We did a lot of the standard stuff that makes Hack Day so interesting, but there were a few innovations to the event format itself that I thought worked really well, too:

  1. DabbleDB. Simon Willison setup a simple hack submission queue using DabbleDB, a handy online database tool. It’s as if the software was designed for this purpose. Two nice benefits: 1) you can upload a screenshot with your submission which it displays nicely, and 2) it prints beautifully. I handed out a hardcopy of the hack demo queue for each judge who then used the list to take notes.
  2. Double Screens. We setup 2 projectors so we could jump back and forth between presentation locations and save some time. While one person was presenting, the next person was setting up on the other screen. I was a little worried it would be distracting, but that wasn’t a problem at all.

    I think this is primarily what kept the pace up. We got through 37 hacks in just about an hour. At that pace you couldn’t really afford to look away. Oh, and Simon’s lightning timer was hugely helpful, too.

    This then had the nice effect of giving the judges more time to deliberate…

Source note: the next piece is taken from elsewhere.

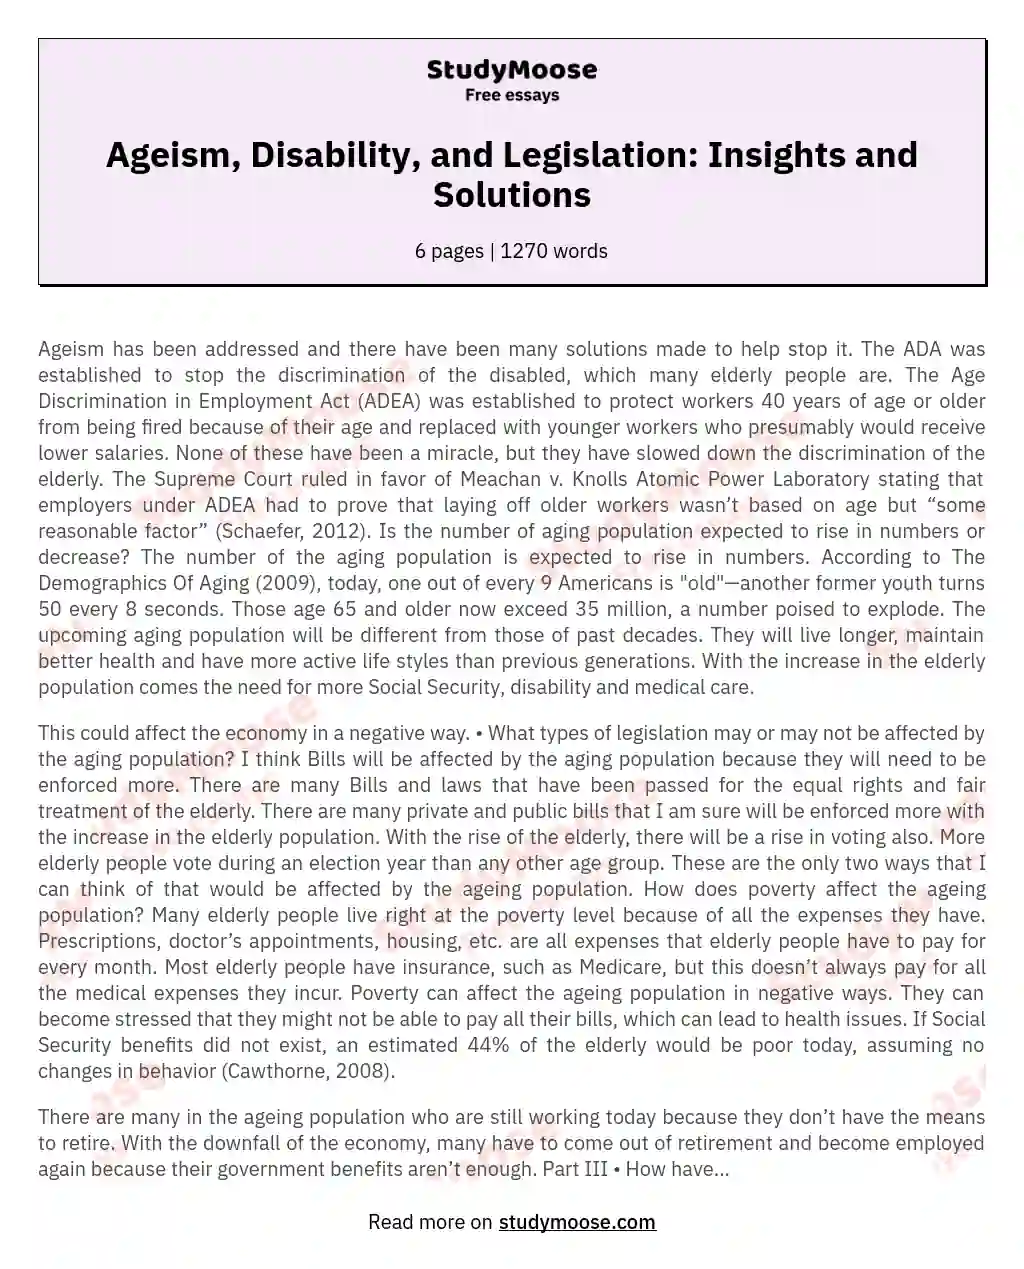 Ageism, Disability, and Legislation: Insights and Solutions essay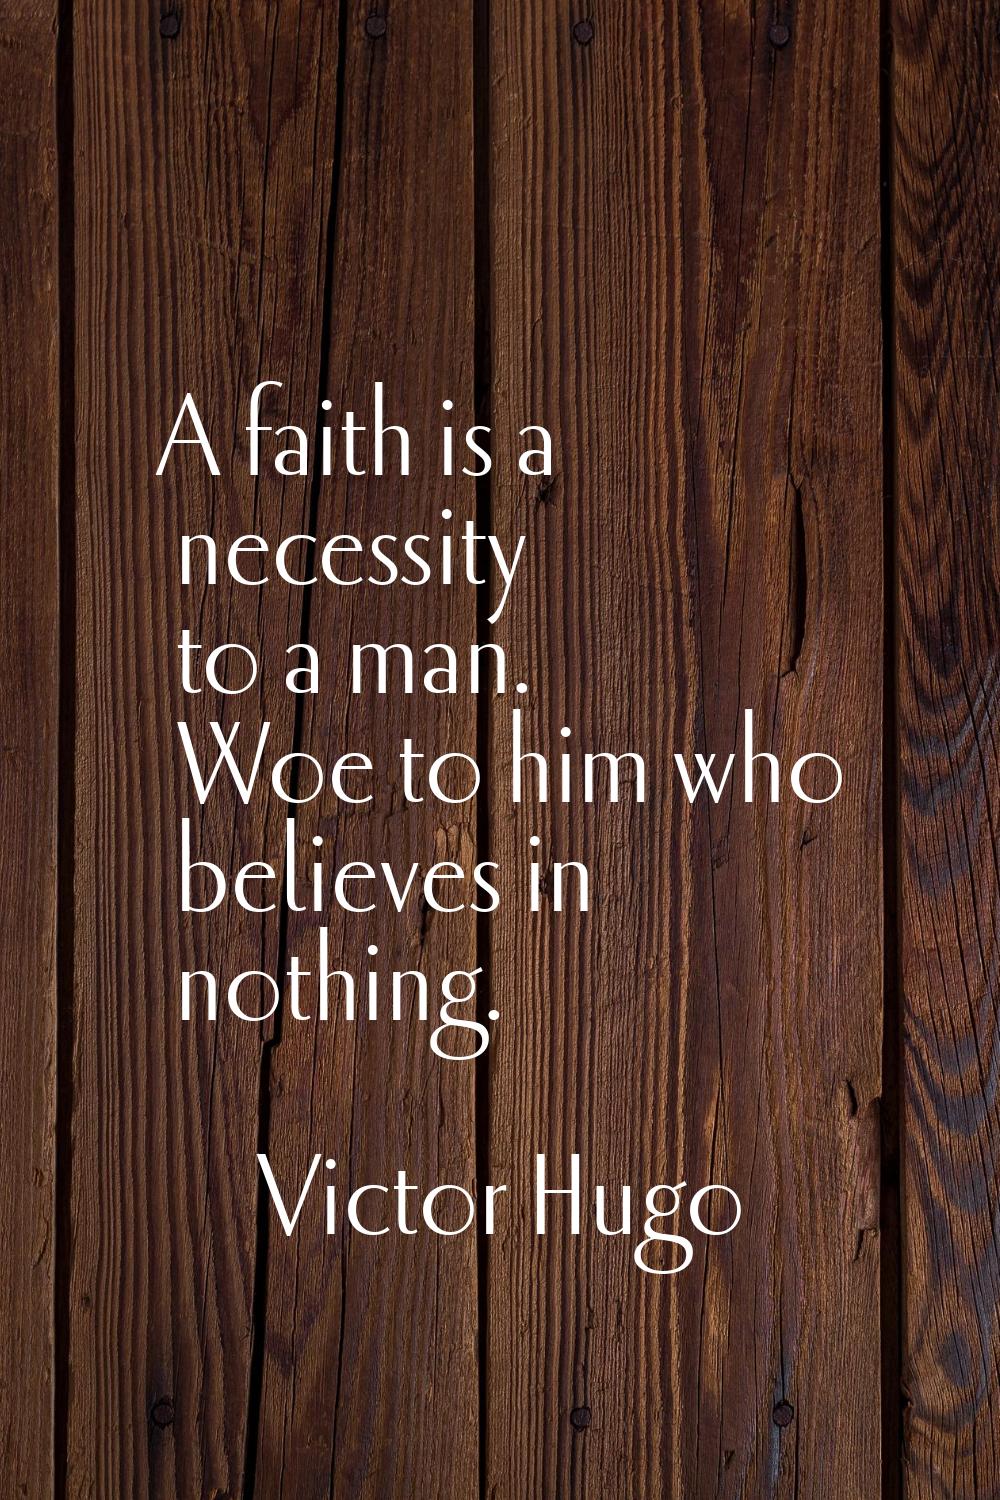 A faith is a necessity to a man. Woe to him who believes in nothing.

  3. Comprehensive recognition. The judges went through every single hack and found a way to acknowledge each participant. Emily Bell did a sort of improv act dishing out the jokes. She first went through all the hacks that “we would have given an award to”. Then she handed out the trophies…
  4. The Guardian Hack Day TrophySilly trophies. These worked perfectly. You can keep it on your desk. It makes no sense to anyone else. And it reinforces the idea that the recognition is for the work itself, not for winning a competition. We did hand out a couple of Flip cameras and Make Magazine generously offered some free subscriptions for the hardware hacks, but the emphasis was clearly on the hackers and their hacks, not the idea of ‘winning’.

Otherwise, it seemed to operate much like other Hack Days, except for the refreshing focus on hacks that mean something. I wasn’t sure what kind of hack quality to expect which was in fact very high, but I loved the fact that most of the hacks had the added dimension of context.

Many times a Hack Day results in a lot of amazing technology solutions for problems that don’t exist. I would never challenge the value of creativity for creativity sake, as that’s a big part of what Hack Day is about. But I was really happy to see that in addition to the impressive technical hacks things like Ben Griffiths’, Rob McKinnon’s and Simon Willison’s hacks (to name a few) presented data and information in new ways that could influence the way people think about what they are reading or interacting with.

Anyhow, the event was fantastic, and I’m really looking forward to doing it again.